We do that too often. We spend too much time and too much energy comparing our lives to those around us. As if life were some sort of competition that can be won, we maneuver and we scheme to get ahead. We build bigger houses. We work 26 hours a day to get that corner office. We scrap and we scrape to compete with the Jones’ across the street, and all the while, the Jones’ are competing with us in this unending and selfdefeating sport of comparison.

In our incessant comparing, though, we fail to see and fail to celebrate what we have. We fail to see the blessings that abound in our lives. We become blind to all the things that we do have because all we see are those things that we don’t have. From the confines of her own blindness, Helen Keller once said, “Instead of comparing our lot with that of those who are more fortunate than we are, we should compare it with the lot of the great majority of our fellow men. It then appears that we are among the privileged.” How true and wise ring her words.

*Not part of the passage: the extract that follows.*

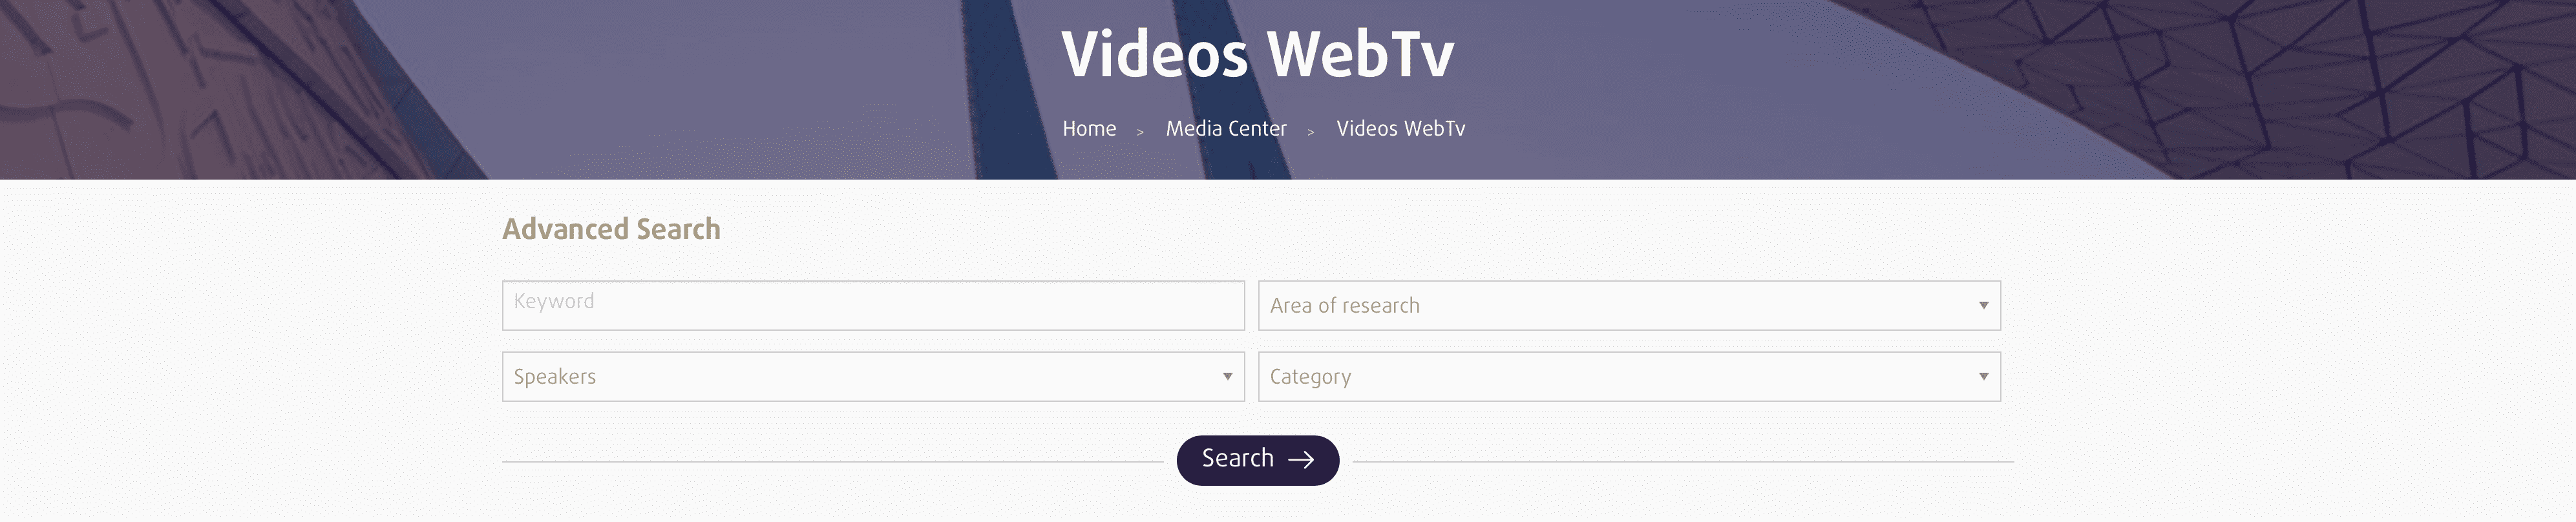 Videos WebTV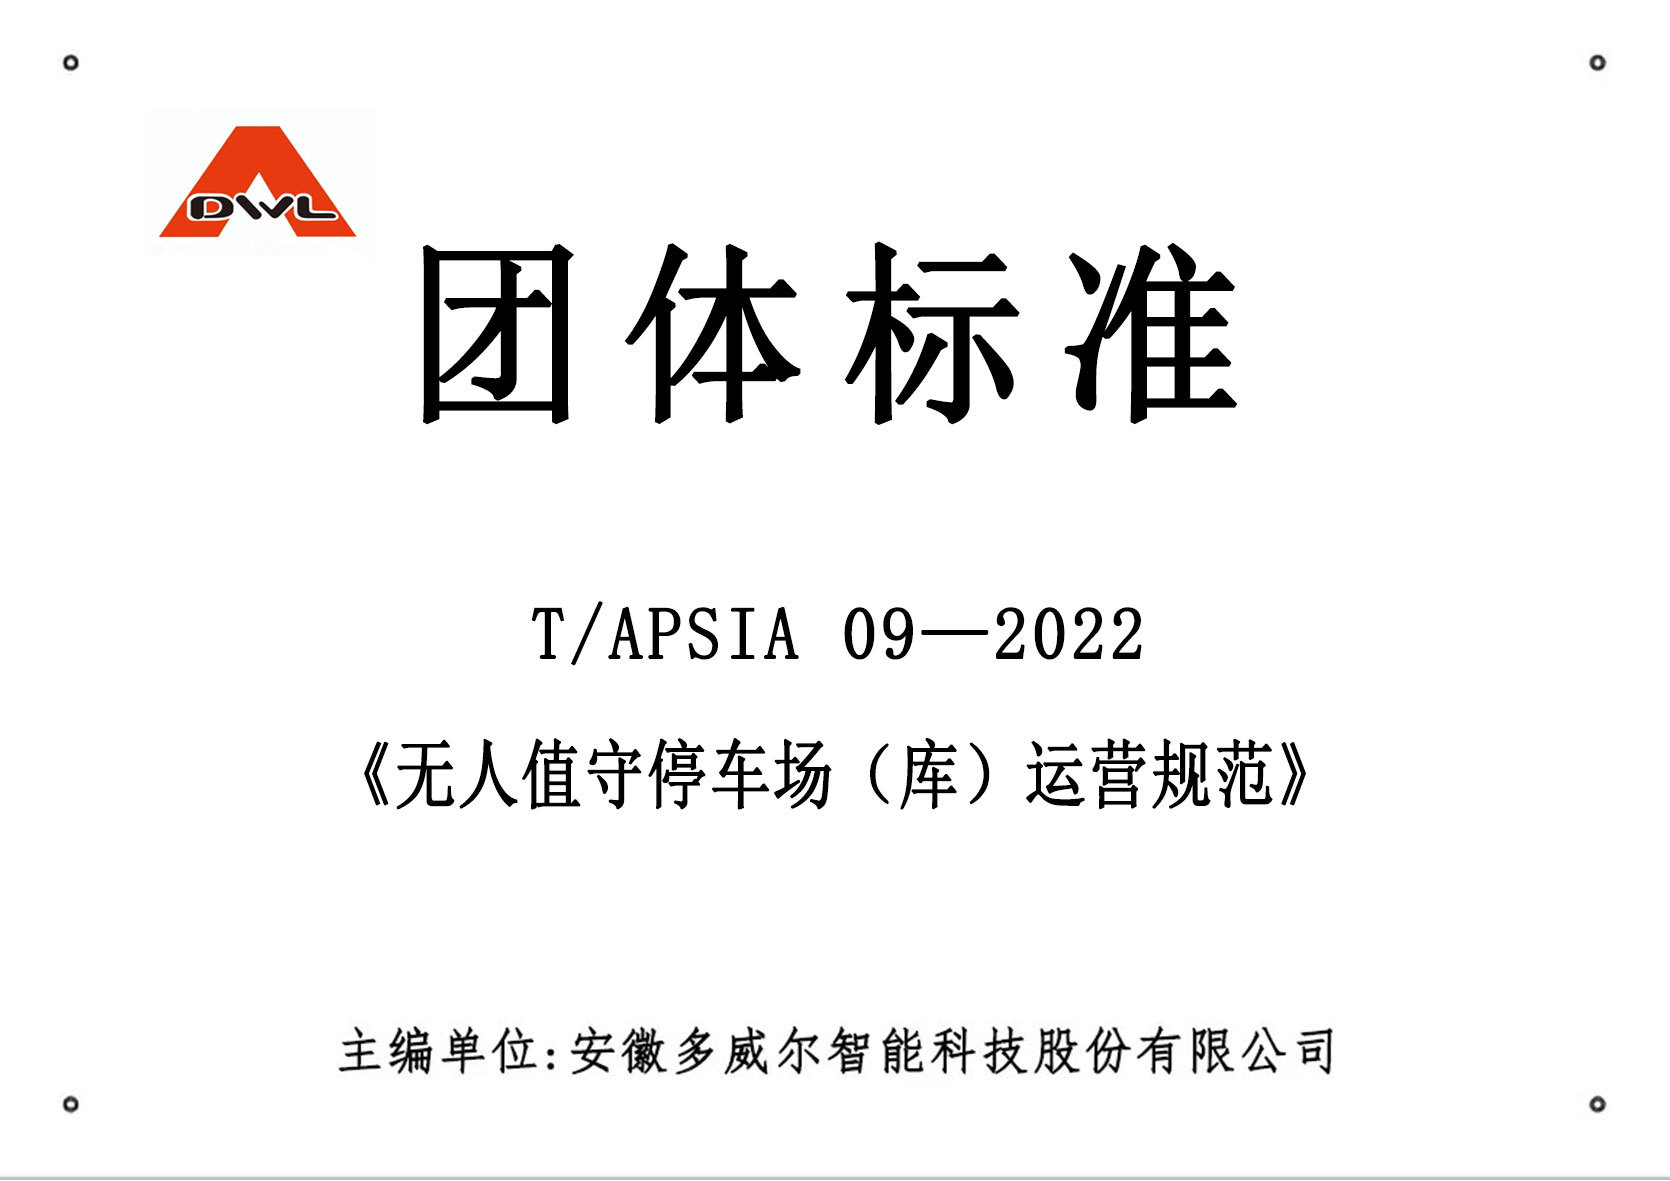 T/APSIA 09—2022《無人值守停車場（庫）運營規范》團體標準正式發布實施

And into this mess, emerges the cross. The singular emblem of our faith, we wear it and champion it as a sign of victory; but what we forget is that the cross was not a

symbol of success but, in the eyes of the ancient world, it was one of failure. Its nature was cruel and brutal; it was the unenviable place for thieves and rebels, not for the Son of God. But that is how God chose to redeem the world: by comparative failure - in fact, by redeeming failure - and loss and grief and death. God chose to save the world not by winning the game but by losing it… and by that loss, God secured ultimate victory.